In addition, Dr. Chapkin is co-Director of the Quantitative Biology Core in the Center for Translational Environmental Health Research (CTEHR). For bioinformatics analysis the core has several high-performance computer clusters and the CLC Genomics and Ingenuity Workbenches for sequence and pathway analyses. The core (a) coordinates gene expression experiments utilizing deep sequencing, and microarray technology; (b) provides access to Illumina sequencing systems, as well as Real Time PCR training, (c) performs DNA and RNA quality assessment; (d) compiles and displays sequence/expression data, and (e) has acquired and continues to acquire or develop new technologies to enhance gene mutation and global gene expression analysis capabilities. The core provides DNA and RNA sequencing-related bioinformatics and systems biology expertise to principal investigators and will assist with statistical, bioinformatics, and systems biology-based analyses.

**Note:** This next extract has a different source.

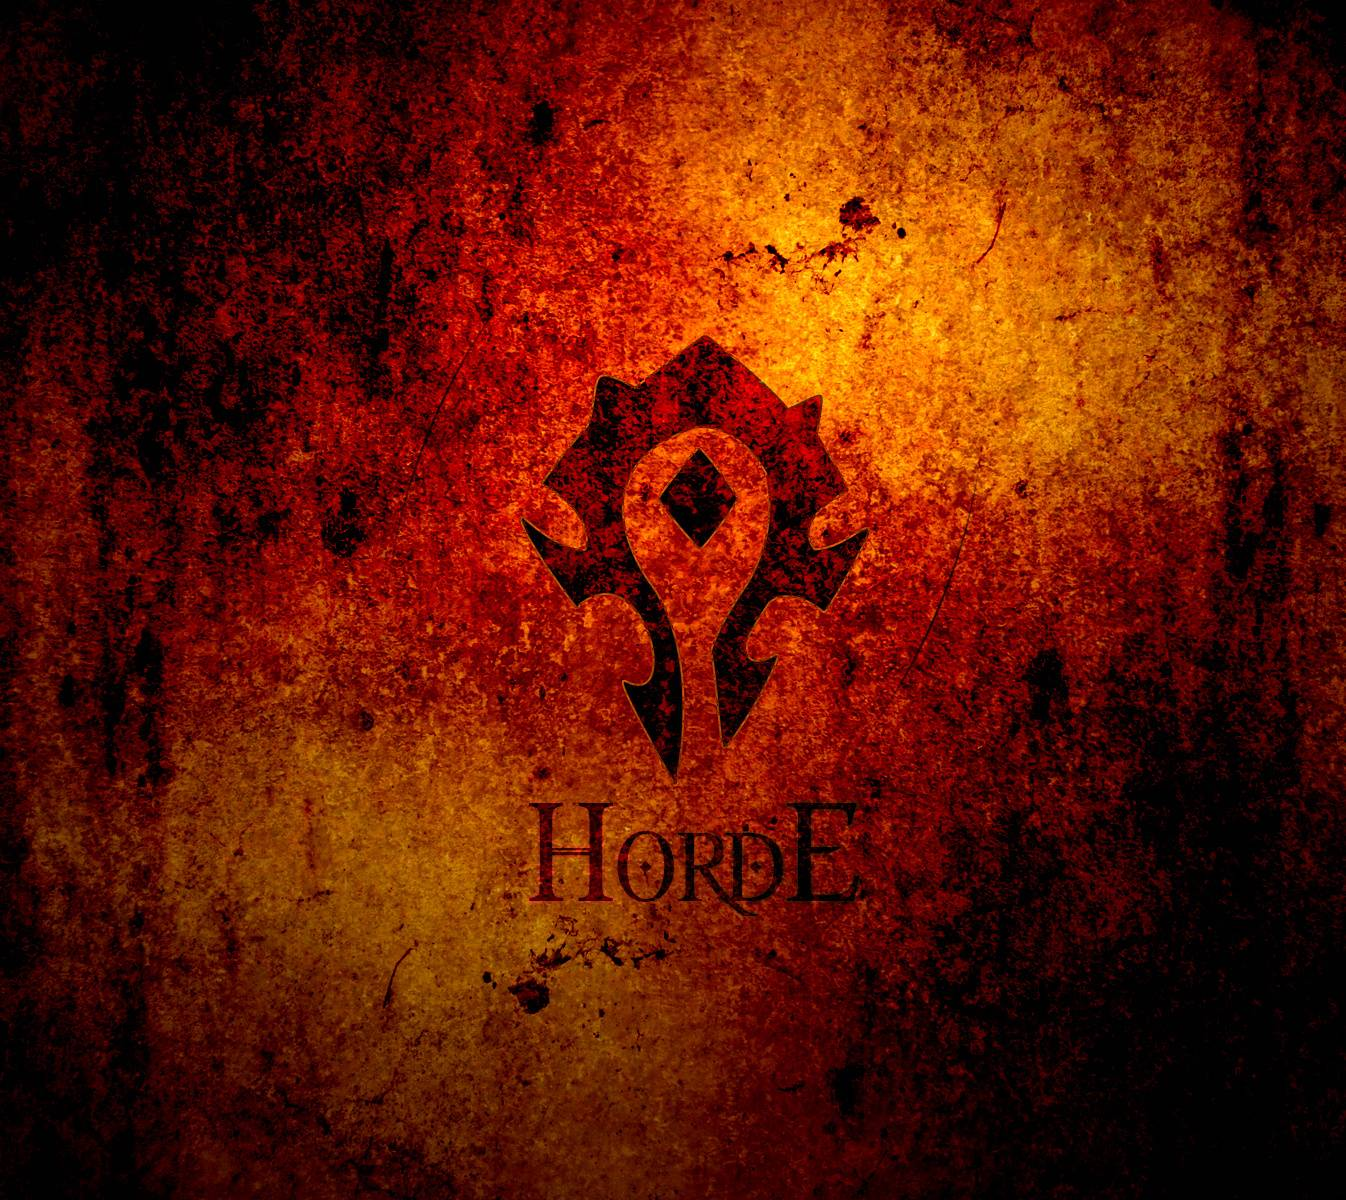 Horde Logo Wallpaper By Jakzy 78 Free On Zedge
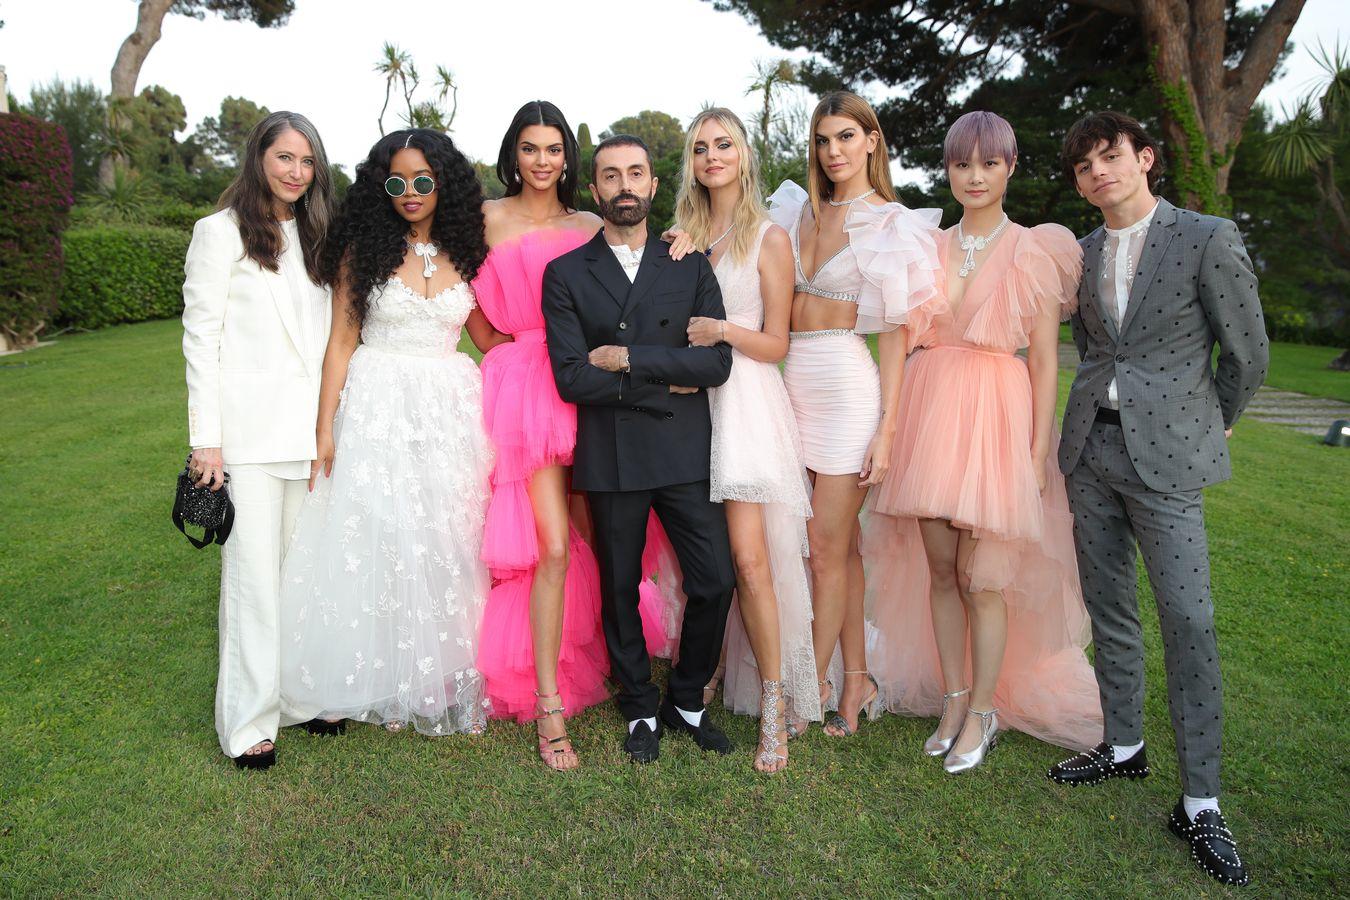 Giambattista Valli X H&M collaboration debuts designer's very first menswear line

Animals. Specific pathogen-free breeding pairs (on C57BL/6 background) have been obtained Lgr5-GFPCreERT2 (a gift from H. Clevers). In addition, Msh2f/f and tdTomf/f were purchased from Jackson Labs. Weanling mice (male and female) will be tagged and housed up to 5 (same sex) per cage and maintained at 250 C with a 12h light/dark cycle. All experimental procedures will be approved by the Institutional Animal Care Committee of Texas A&M University consistent with the Association for the Assessment and Accreditation of Laboratory Animal Care (AAALAC) guidelines. The animal care program is accredited by AAALAC. All breeder mice will be housed at the Texas Institute for Genomic Medicine (TIGM) on the Texas A&M campus (College Station, TX). This is a state of the art animal facility, which is supervised by veterinarians and there is always a veterinarian at the facility or on call. Animals are checked several times per day. After animals for individual studies are moved to the Comparative Medicine Program Building Vivarium (College Station), they will be closely supervised, and any animals showing disease or sickness will be attended to by the veterinarians of the Comparative Medicine Program.
Clinical. Not applicable.
Computers. The Chapkin lab houses 3 Dell Precision workstations; T7500 Workstation (12 CPU cores, 96 GB RAM, 1- 1TB hard drive and 4 – 2TB hard drives with 3 in RAID5 with 1 backup), T7600 workstation (16 CPU cores, 128 GB RAM, 3 – 3TB hard drives in RAID5) and T7910 Workstation (22 CPU cores, 128 GB RAM, 4 – 4TB hard drives in RAID5). These computers primarily run STAR and HTSEQ for DNA/RNA sequence alignments and analysis. The T7600 Workstation runs Bowtie2, TopHat2, Salmon, and Sailfish. Data are stored on a Synology DS1815 with two DX 513 extensions, and a total of 18 – 6TB drives in RAID5. In addition, data are backed up to a Synology D1815 with two DX513 extensions in another building. IBM-compatible and Macintosh personal computers are available. Terminals have editing, graphics, IPA/Ingenuity pathway and statistical capabilities. The lab also has access to the Texas A&M Supercomputing Center.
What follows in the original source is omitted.